VMware, Pivotal, Dell Technologies and EMC, among others, are party to an Amended and
Restated Shareholders Agreement, dated as of April 17, 2018 (the Shareholders Agreement), which, among other things, provides for certain agreements with respect to registration rights and other covenants and agreements
among the shareholders party thereto and Pivotal.
Pivotal and Dell Technologies are party to a Master Transaction Agreement, dated as of
April 17, 2018 (the MTA), which, among other things, sets forth certain agreements relating to the relationship between Dell Technologies and Pivotal.
On August 22, 2019, Pivotal entered into an Agreement and Plan of Merger (the Merger Agreement) with VMware and Raven
Transaction Sub, Inc., a Delaware corporation and a wholly owned subsidiary of VMware (Merger Sub). The Merger Agreement provides that, subject to the terms and conditions set forth therein, Merger Sub will merge with and into Pivotal
(the Merger), with Pivotal surviving the Merger and becoming a wholly owned subsidiary of VMware.
Completion of the Merger is
conditioned on the adoption of the Merger Agreement by the holders of (1) at least a majority of the outstanding shares of Class A Common Stock not owned by VMware or any of its affiliates; (2) at least a majority of the outstanding
shares of Class A Common Stock; (3) at least a majority of outstanding shares of Class B Common Stock; and (4) at least a majority of the outstanding shares of Class A Common Stock and Class B Common Stock, voting
together as a single class, which condition is not subject to waiver by VMware or Pivotal. As a result of its beneficial ownership of the VMware Shares and the EMC Shares (as described in this Statement), VMware controls sufficient shares of Pivotal
to deliver the approvals contemplated by clauses (2), (3) and (4).

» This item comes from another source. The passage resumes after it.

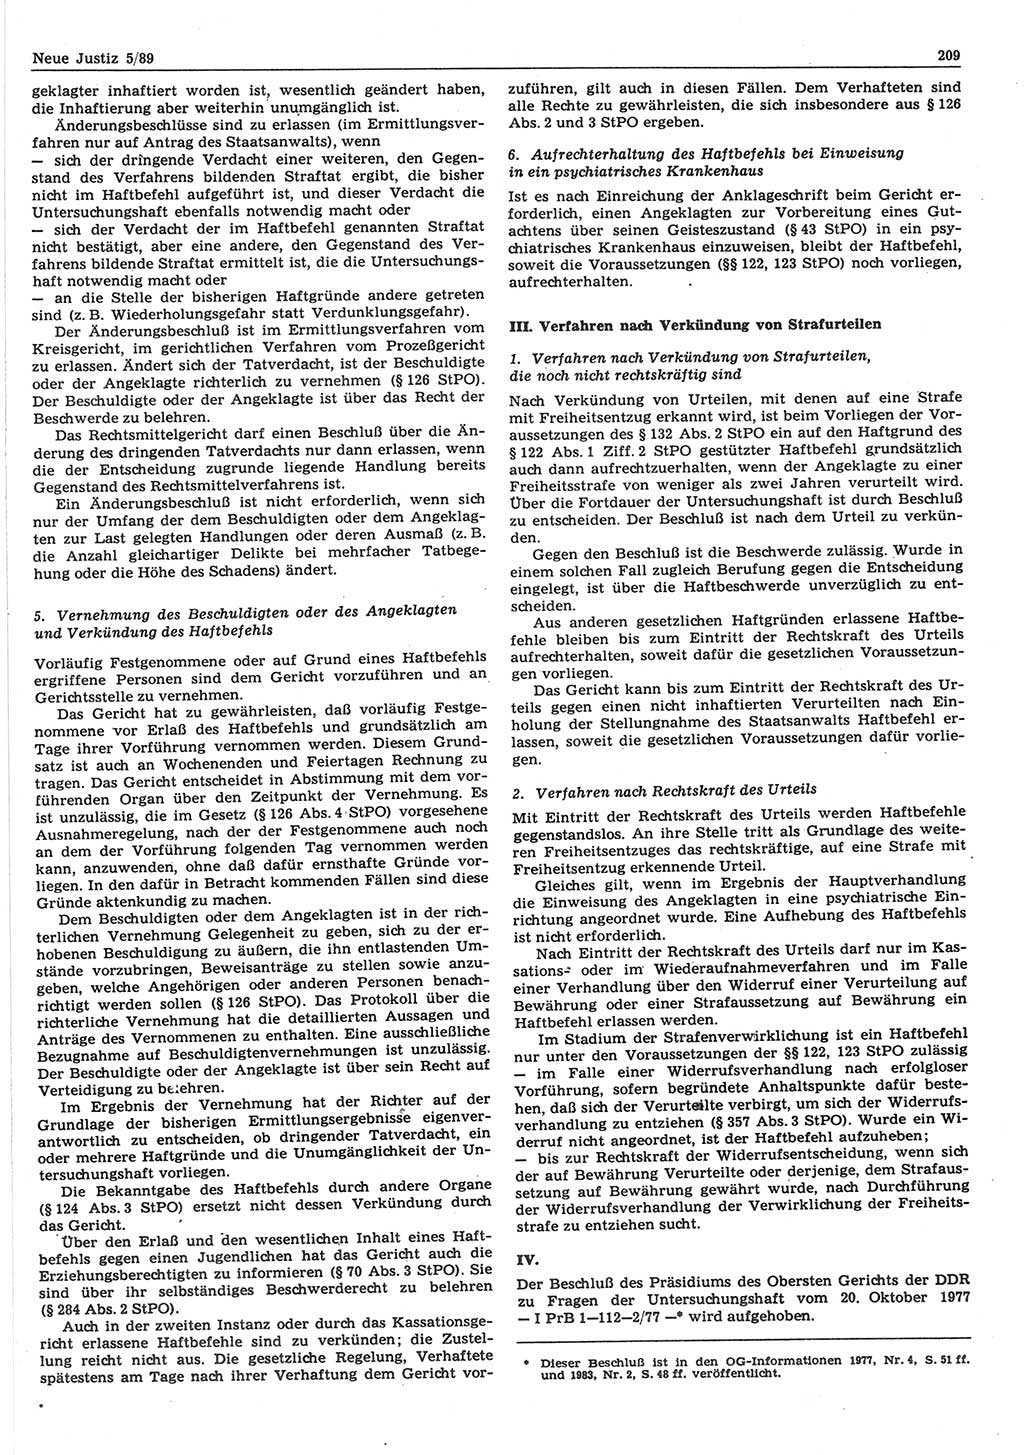 Neue Justiz (NJ), Zeitschrift für sozialistisches Recht und Gesetzlichkeit [Deutsche Demokratische Republik (DDR)], 43. Jahrgang 1989, Seite 209 (NJ DDR 1989, S. 209)

Concurrently with the execution of the Merger Agreement, Ford Motor
Company, a stockholder of Pivotal, entered into a voting agreement with VMware (the Voting Agreement) pursuant to which Ford has agreed, among other things and subject to the terms and conditions set forth in the Voting Agreement, to
vote its shares of Class A Common Stock in favor of the adoption of the Merger Agreement and the transactions contemplated thereby, including the Merger. The Voting Agreement relates to 17,516,709 shares of Class A Common Stock. This
represents approximately 18.2 percent of the Class A Common Stock not owned by VMware or any of its affiliates.
On
August 22, 2019, VMware, Dell Technologies, EMC Equity Assets and, solely with respect to certain sections therein, EMC and VMW Holdco, entered into a Consent and Support Agreement (the Support Agreement) pursuant to which, among
other things and subject to the terms and conditions set forth therein, (1) Dell Technologies and EMC Equity Assets have agreed to vote their shares of Class B Common Stock in favor of the adoption of the Merger Agreement and the
transactions contemplated thereby, including the Merger; (2) EMC and VMW Holdco (together, as the holders of all of the outstanding shares of VMwares Class B common stock) provided their consent to VMwares entry into the Merger
Agreement, and the consummation of the transactions contemplated thereby, for all purposes required pursuant to VMwares Amended and Restated Certificate of Incorporation; and (3) EMC and VMW Holdco agreed to deliver, in respect of the
shares of Class B Common Stock that they beneficially own, an irrevocable consent in writing, no later than 24 hours following the execution and delivery of the Merger Agreement, approving the issuance of the shares in VMware constituting the
Class B Merger Consideration (as defined in the Merger Agreement). On the same date, following the execution of the Merger Agreement and the Support Agreement, EMC and VMW Holdco executed and delivered a written consent adopting and approving
the issuance of shares of VMwares Class B common stock on behalf of the stockholders of VMware.